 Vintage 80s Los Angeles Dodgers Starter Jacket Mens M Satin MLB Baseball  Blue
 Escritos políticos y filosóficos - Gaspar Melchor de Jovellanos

*-*-*

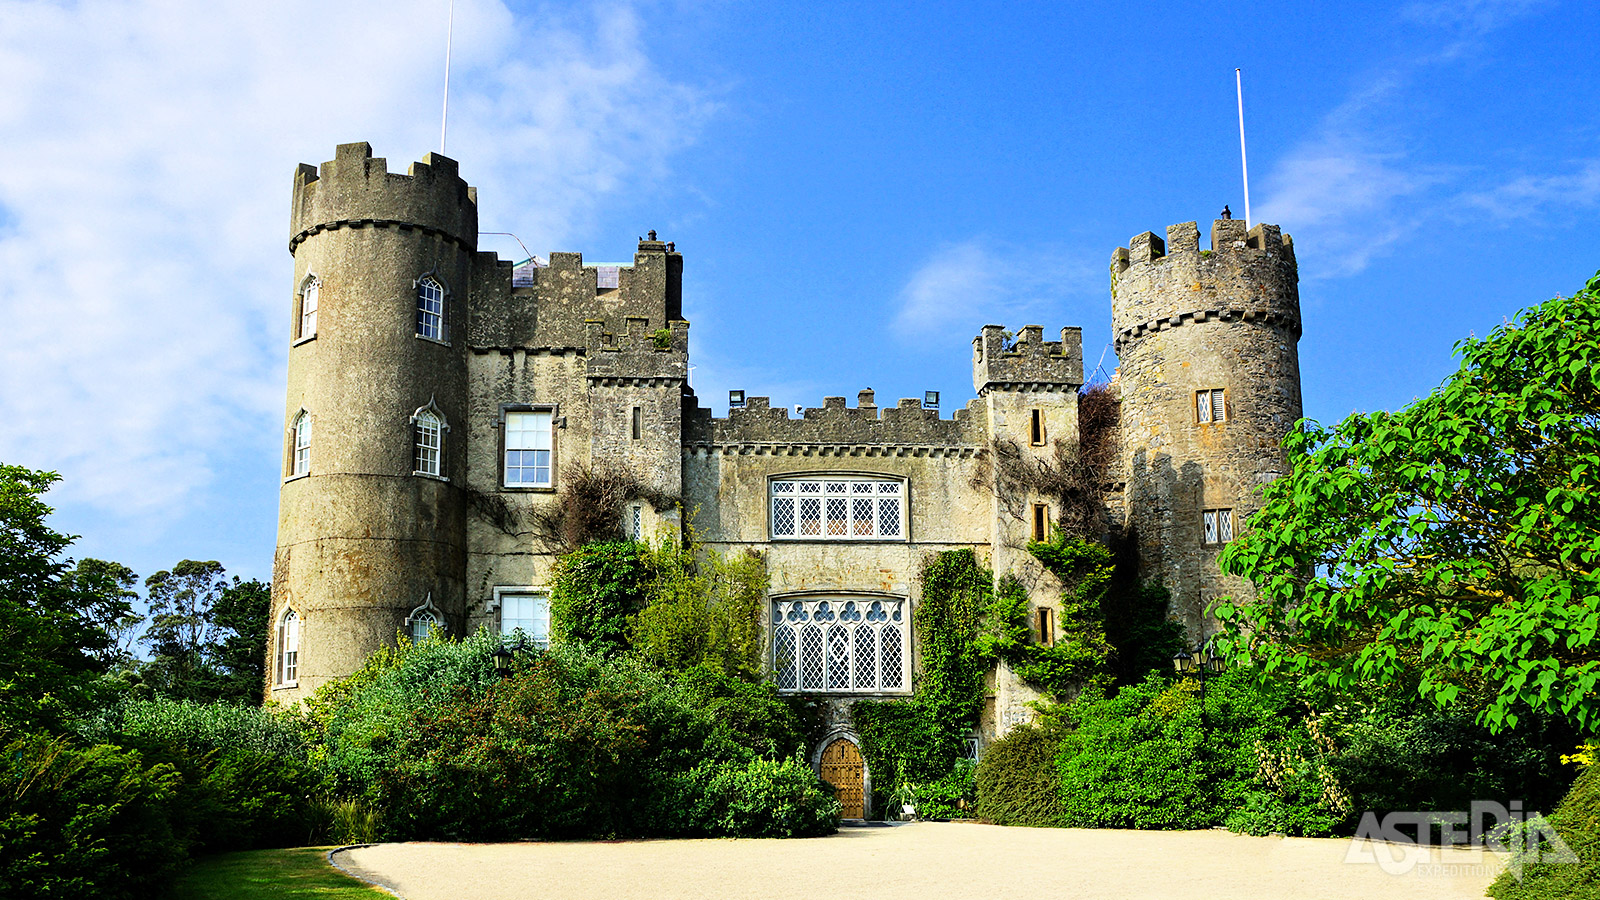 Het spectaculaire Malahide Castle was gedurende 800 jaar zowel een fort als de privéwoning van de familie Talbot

*-*-*

Repeat, exactly as they stand above, the lines from the line with "Vintage 80s Los" to the line with "Escritos políticos y", both lines included.

 Vintage 80s Los Angeles Dodgers Starter Jacket Mens M Satin MLB Baseball  Blue
 Escritos políticos y filosóficos - Gaspar Melchor de Jovellanos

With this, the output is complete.